Balloon again

Developers
2013-11-19
2013-11-27
1 2 > >> (Page 1 of 2)
  • Guus Bonnema
    Guus Bonnema
    2013-11-19

    HI Paul,

    I may have stumbled on an error in Balloon.java. It looks like it queues the last packet containing ENDPACKET and then does a drop after the dequeue. This of course is an error, because receive() does an increase in packetCount and drop() does a decrease of packetCount (in Component). However, ENDPACKET never gets received()! It does get dropped though.

    So, I am left wondering why Balloon just works in trunk, while in branch 2.7 it reports a -1 in packetCount (which is correct, but leads to an exception).

    After the error occurred I also changed packetCount into a private AtomicInteger and provided the methods increasePacketCount, decreasePacketCount and initializePacketCount in order to make access somewhat restricted.

    Can you help me verify if my conclusions are correct? Is this an error as I suspect?

    The only thing I changed in between is making Network.java more threadsafe. It is not finished yet.

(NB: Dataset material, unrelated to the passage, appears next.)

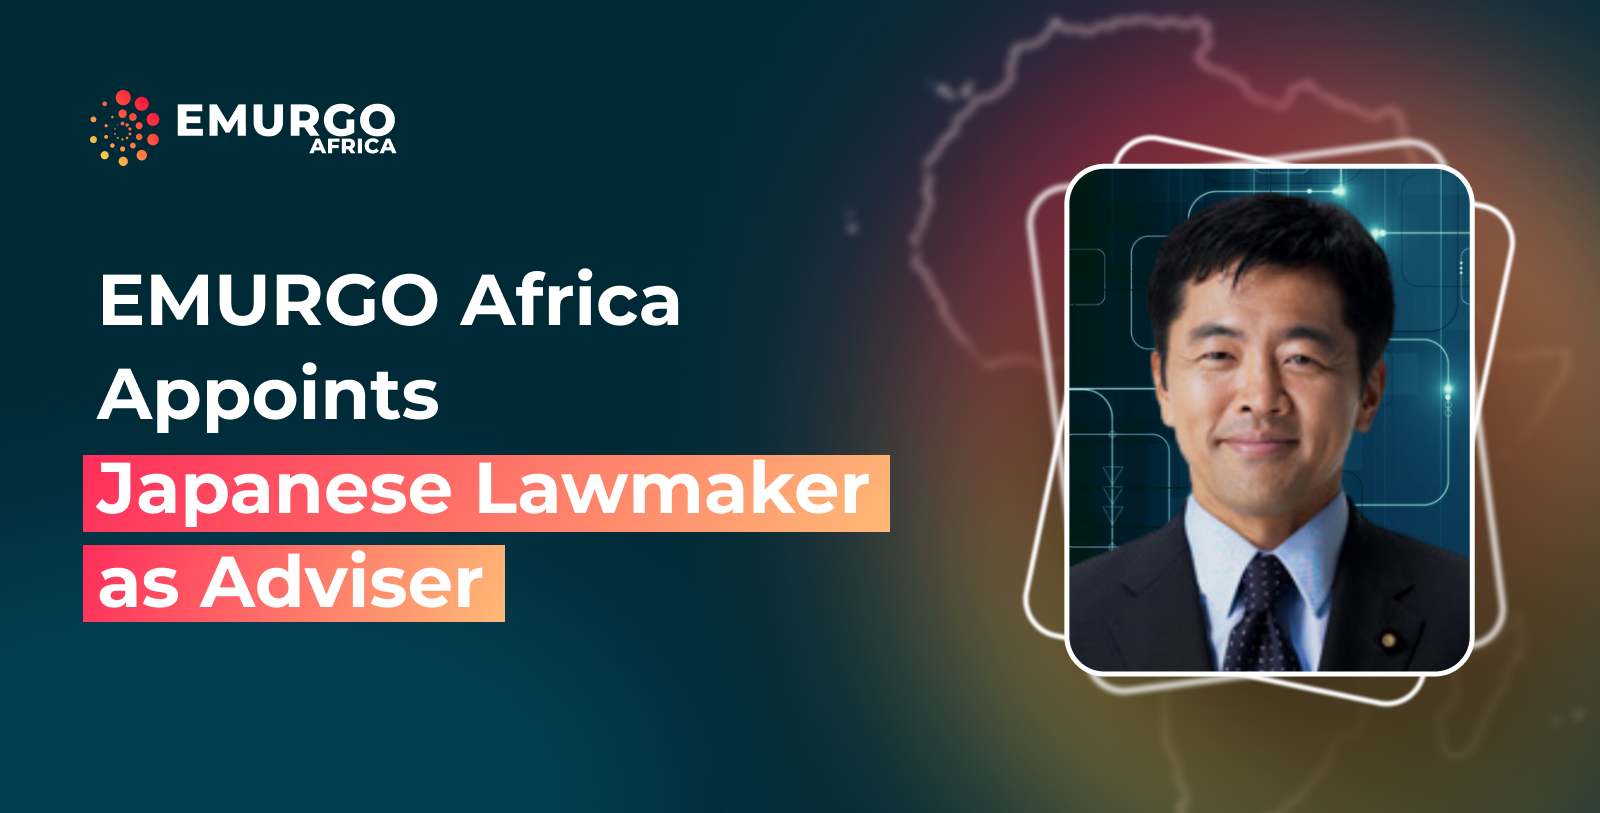 Former Japanese Lawmaker Appointed as Cardano’s EMURGO Middle East & Africa Adviser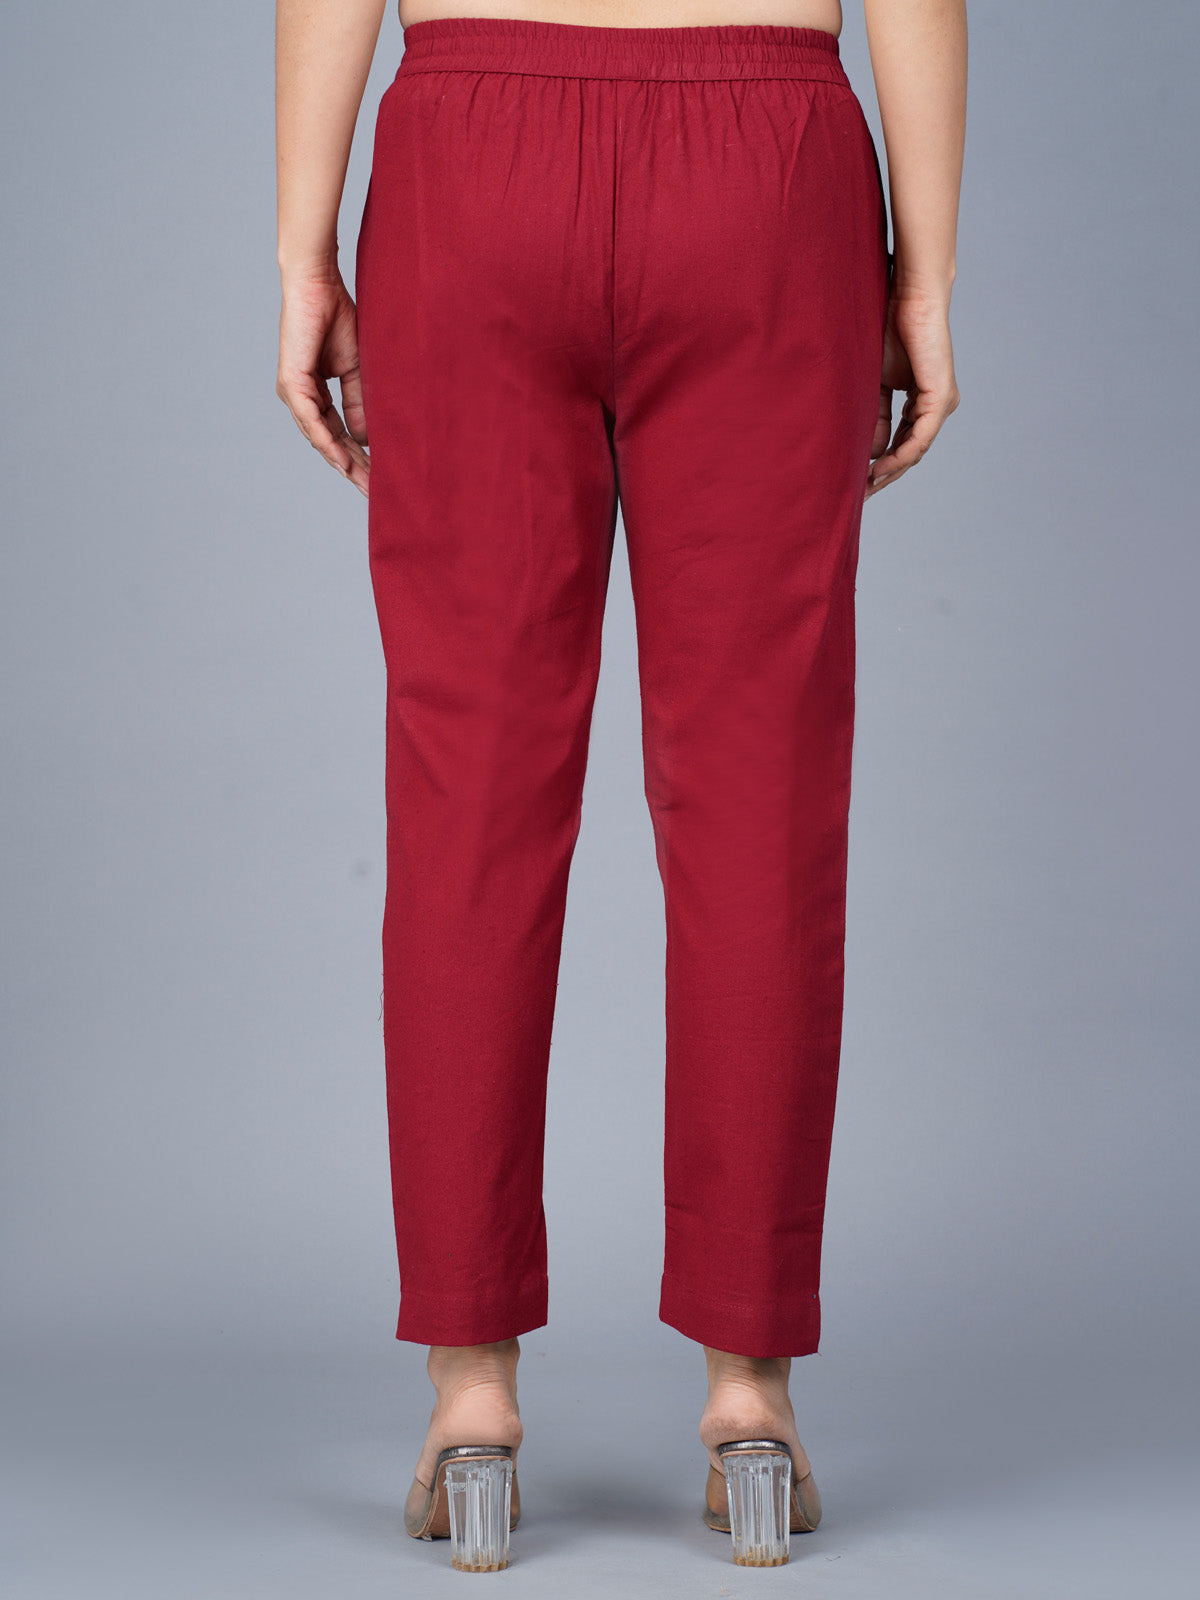 Pack Of 2 Womens Regular Fit Maroon And White Fully Elastic Waistband Cotton Trouser

    I changed nothing in the packetCounting area. I am left wondering whether the counting error doesn't occur in trunk because some fields are not "properly published" in Network.

    Kind regards, Guus.

     
  • Guus Bonnema
    Guus Bonnema
    2013-11-19

    I have committed a version with the Balloon error in it, and right after that committed the corrected Balloon version (with an incrementPacketCount() in the right place -- where the ENDPACKET gets queued --.

    Regards, Guus.

     
  • Sorry, Guus, I guess I missed this question! I took a look at the new Balloon, and I like the name changes, and I'm sure you're right about the count problem. However, I am wondering if a cleaner solution might not be to use

    final Packet ENDPACKET = create(Integer.MAX_VALUE, null);
    

    instead of the "new" - then hopefully you don't need to add an incrementPacketCount(). I haven't tested it, and I have to buzz out now, but we can talk later today - let me know what you think!

    Regards,

    Paul

     
  • Guus Bonnema
    Guus Bonnema
    2013-11-21

    It works, because you do not give the ENDPACKET an owner. The question is whether that is ok with your counting of packets. Because, shouldn't you call all your packets? Including the ones you generate for clarity?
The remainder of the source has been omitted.